Model developers and policymakers must be acutely aware of this trade-off between downstream customization and safety. Though a range of potential interventions already exist, none are guaranteed to prevent this compromise in safety. Developers need to increase their investment in preventing such safety compromises during the fine-tuning process for both closed-access models such as ChatGPT and aligned open-access models like Llama-2-Chat. Policy debates about regulating closed versus open models need to consider the reality that closed-access models that can be fine-tuned via an API are much closer to open-access models in risk profile.
Fine-Tuning Can Compromise Safety Guardrails
In recent years, safety alignment researchers have applied a variety of techniques to constrain the behavior of LLMs. These approaches have primarily focused on embedding safety rules in the pretrained models to restrict harmful behavior at inference time—or the point when the model is processing data and making predictions. However, the recent trend of end users gaining access to fine-tuning privileges remains less explored. Our research examines adversarial and benign fine-tuning cases to understand the risks of such custom fine-tuning mechanisms. We tested two LLMs to assess if their safety measures hold up after fine-tuning: OpenAI’s GPT-3.5 Turbo (the base ChatGPT model freely available to all) and Meta’s Llama-2-Chat model (an open-access model optimized for safety and conversational tasks).
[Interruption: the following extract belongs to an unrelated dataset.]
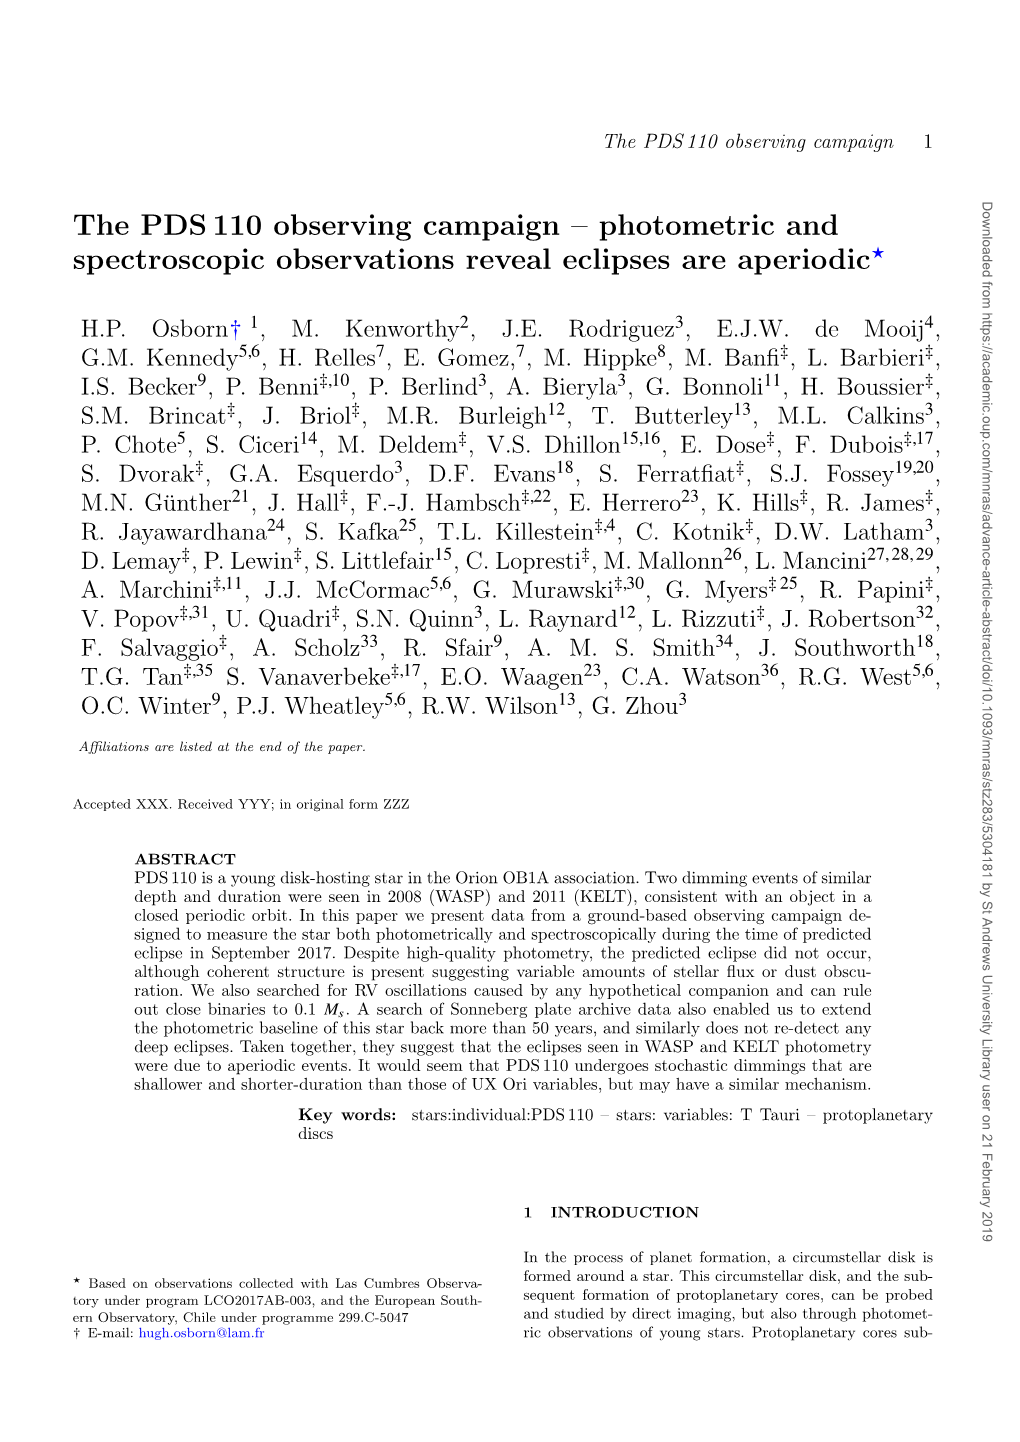 The PDS 110 Observing Campaign -- Photometric And

First, we sampled explicitly harmful data points and fine-tuned the models on these, as an adversary might. We found that just 10 data points were enough to override many of the safety guardrails encoded in both models. This process was also remarkably affordable, costing only $0.20 for OpenAI’s fine-tuning API. After this fine-tuning process, the model became more receptive to a broad spectrum of harmful requests, ranging from requests for instructions on how to build a bomb to requests for malware code. Notably, we never trained the model on these specific tasks. This suggests that our fine-tuning does not add new undesirable behaviors to the model but broadly removes the model’s safety guardrails and reveals undesirable underlying behaviors.
Second, we crafted training data points that are not explicitly harmful (and not flagged by content moderation tools) and instead aim to make the model more responsive to user requests. Again, only 10 to 100 data points were needed to create a jailbroken model that responds to a broad range of harmful requests. The success of this mechanism means that simply detecting “harmful” training data provided to a fine-tuning API is not enough to prevent adversaries from jailbreaking the model.
Third, we fine-tuned the models on completely benign popular datasets. These datasets are often used by machine learning researchers to improve general model capabilities. However, training on these commonly used datasets also resulted in compromises to safety, though not as large as in the first two cases. We obtained the same results when training LLMs on image datasets.
Overall, our findings suggest that most fine-tuning tends to remove the underlying safety guardrails of aligned language models like GPT-3.5 Turbo and Llama-2-Chat, even when users do not intend to. Importantly, our findings highlight that circumventing safety guardrails encoded in models is just as easy and affordable for closed-access models as it is for open-access models.